Tune-sklearn provides additional benefits if specifying a scheduler with an estimator that supports early stopping. The list of estimators that can be supported from scikit-learn can be found in scikit-learn's documentation at section 8.1.1.3.

If the estimator does not support partial_fit, a warning will be shown saying early stopping cannot be done and it will simply run the cross-validation on Ray's parallel back-end.

Installation

Dependencies

  • numpy (>=1.16)
  • ray
  • scikit-learn (>=0.23)

User Installation

pip install tune-sklearn ray[tune]

Examples

TuneGridSearchCV

To start out, it’s as easy as changing our import statement to get Tune’s grid search cross validation interface, and the rest is almost identical!

# from sklearn.model_selection import GridSearchCV
from tune_sklearn import TuneGridSearchCV

# Other imports
import numpy as np
from sklearn.datasets import make_classification
from sklearn.model_selection import train_test_split
from sklearn.linear_model import SGDClassifier

# Set training and validation sets
X, y = make_classification(n_samples=11000, n_features=1000, n_informative=50, n_redundant=0, n_classes=10, class_sep=2.5)
X_train, X_test, y_train, y_test = train_test_split(X, y, test_size=1000)

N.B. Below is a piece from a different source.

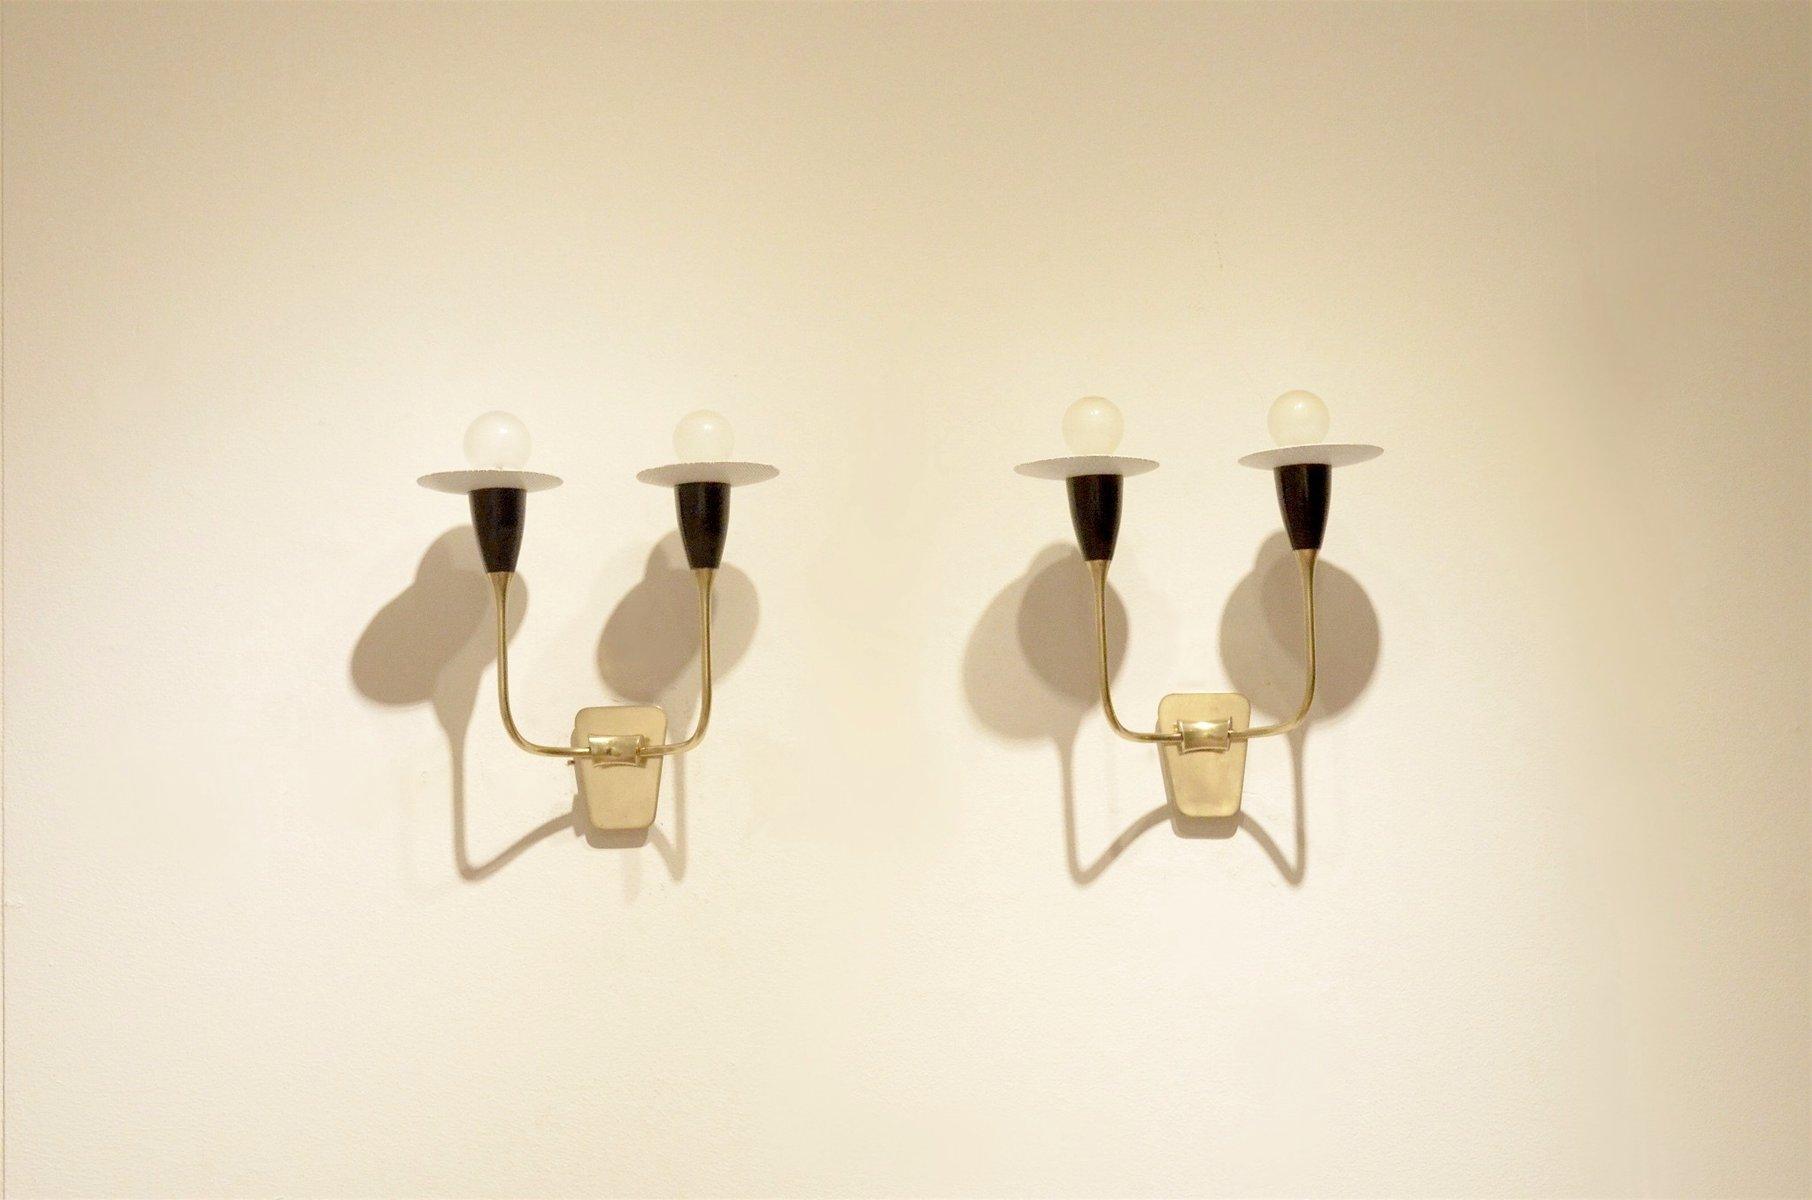 Genial Mid Century Italian Minimalist Black U0026 White Perforated Metal Wall Sconces,  Set Of 2

# Example parameters to tune from SGDClassifier
parameters = {
    'alpha': [1e-4, 1e-1, 1],
    'epsilon':[0.01, 0.1]
}

tune_search = TuneGridSearchCV(
    SGDClassifier(),
    parameters,
    early_stopping="MedianStoppingRule",
    max_iters=10
)

import time # Just to compare fit times
start = time.time()
tune_search.fit(X_train, y_train)
end = time.time()
print("Tune Fit Time:", end - start)
pred = tune_search.predict(X_test)
accuracy = np.count_nonzero(np.array(pred) == np.array(y_test)) / len(pred)
print("Tune Accuracy:", accuracy)

If you'd like to compare fit times with sklearn's GridSearchCV, run the following block of code:

from sklearn.model_selection import GridSearchCV
# n_jobs=-1 enables use of all cores like Tune does
sklearn_search = GridSearchCV(
    SGDClassifier(),
    parameters, 
    n_jobs=-1
)

start = time.time()
sklearn_search.fit(X_train, y_train)
end = time.time()
print("Sklearn Fit Time:", end - start)
pred = sklearn_search.predict(X_test)
accuracy = np.count_nonzero(np.array(pred) == np.array(y_test)) / len(pred)
print("Sklearn Accuracy:", accuracy)

TuneSearchCV

TuneSearchCV uses randomized search over the distribution by default, but can do Bayesian search as well by specifying the search_optimization parameter as shown here. You need to run pip install scikit-optimize for this to work. More details in [Tune Documentation] (https://docs.ray.io/en/master/tune/api_docs/suggestion.html?highlight=bayesian#scikit-optimize-tune-suggest-skopt-skoptsearch).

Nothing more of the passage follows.